SINGER IMPEX: CARE Keeps D Debt Rating in Not Cooperating
---------------------------------------------------------
CARE Ratings said the rating for the bank facilities of Singer
Impex (SIM) continues to remain in the 'Issuer Not Cooperating'
category.

                       Amount
   Facilities       (INR crore)    Ratings
   ----------       -----------    -------
   Long Term Bank       10.00      CARE D; ISSUER NOT COOPERATING
   Facilities                      Rating continues to remain
                                   under ISSUER NOT COOPERATING
                                   category

Detailed Rationale & Key Rating Drivers

CARE had, vide its press release dated June 18, 2020, placed the
rating(s) of SIM under the 'issuer noncooperating' category as SIM
had failed to provide information for monitoring of the rating and
had not paid the surveillance fees for the rating exercise as
agreed to in its Rating Agreement.
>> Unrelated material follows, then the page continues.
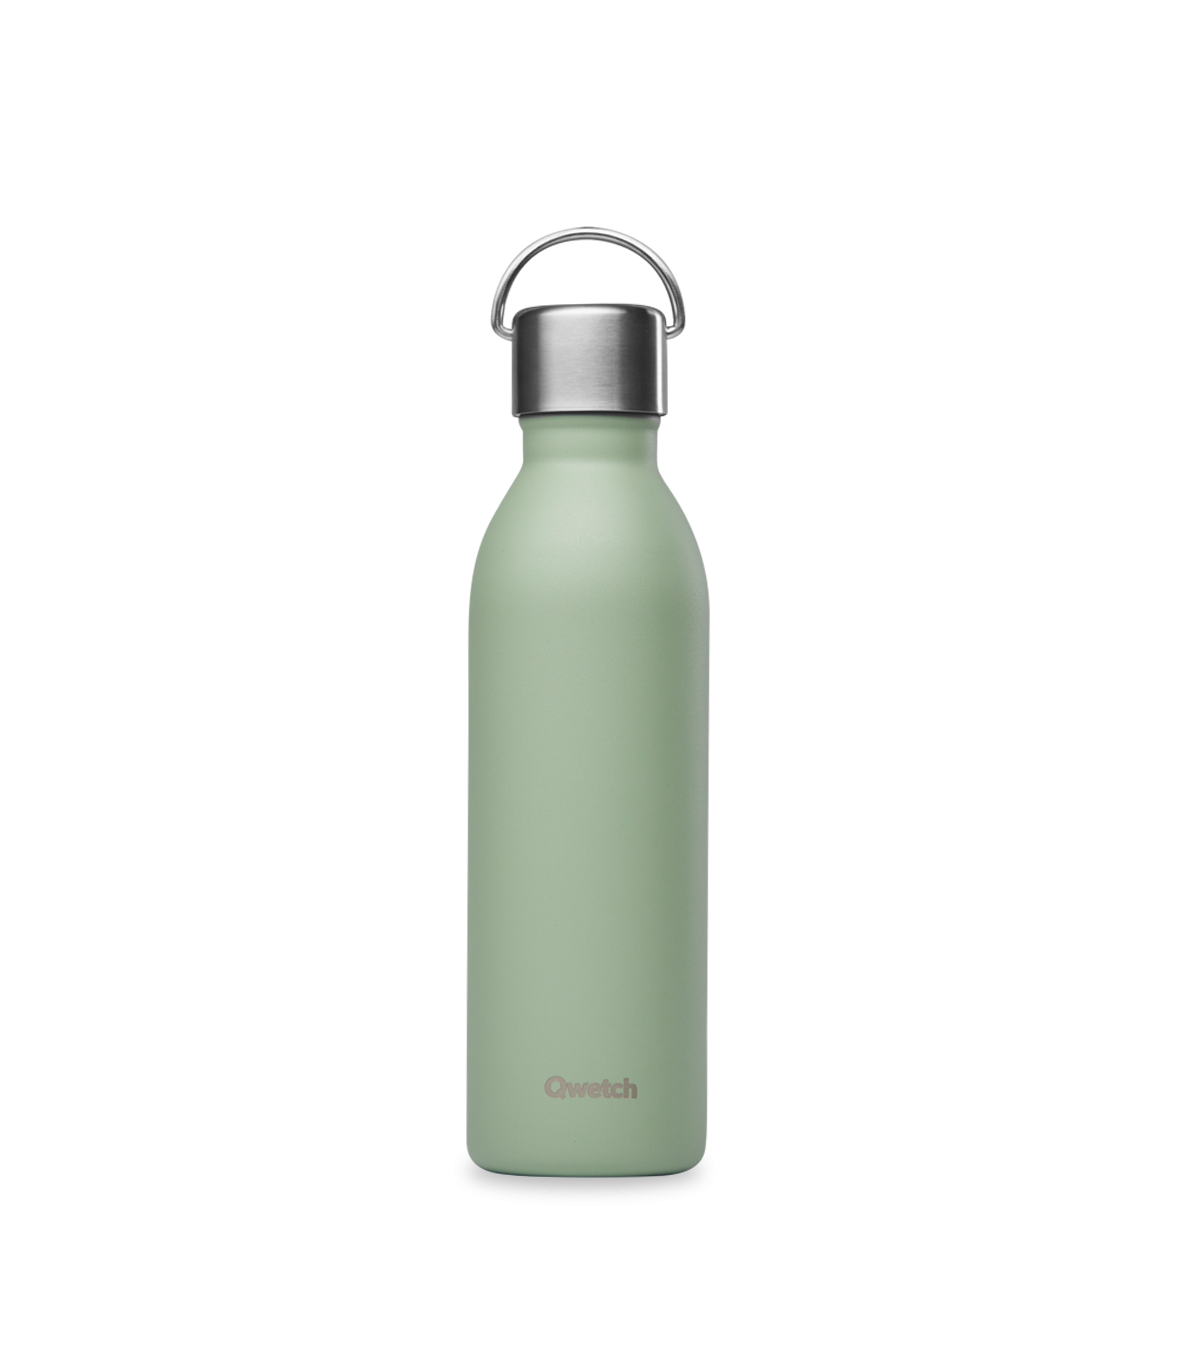 Botella de acero inoxidable reutilizable Sport Bottle 1l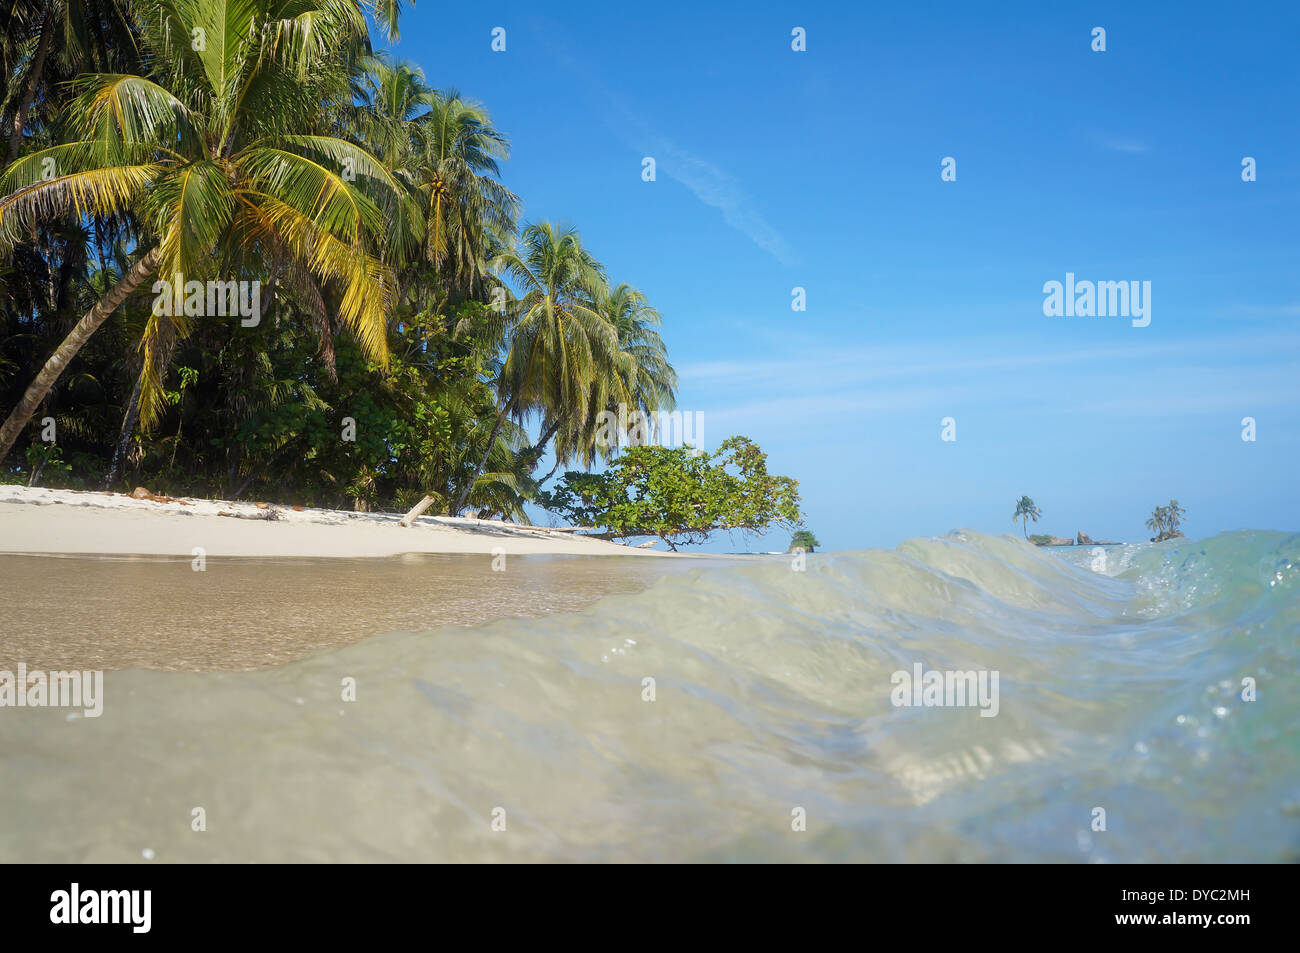 Piccole onde su una spiaggia sabbiosa con vegetazione tropicale visto dalla superficie dell'acqua, il mare dei Caraibi Foto Stock

SIM continues to be
non-cooperative despite repeated requests for submission of
information through e-mails, phone calls and a letter/email dated
May 04, 2021, May 14, 2021, May 24, 2021. In line with the extant
SEBI guidelines, CARE has reviewed the rating on the basis of the
best available information which however, in CARE's opinion is not
sufficient to arrive at a fair rating.

Users of this rating (including investors, lenders and the public
at large) are hence requested to exercise caution while using the
above rating(s).

Surat-based (Gujarat) Singer Impex (SIM) was established in 2008 by
Mr Deepak Narang and Mr Ankur Narang. It is engaged in the
wholesale trading of embroidery spare parts. SIM is the authorized
distributor of TOYO brand embroidery parts and needles from China.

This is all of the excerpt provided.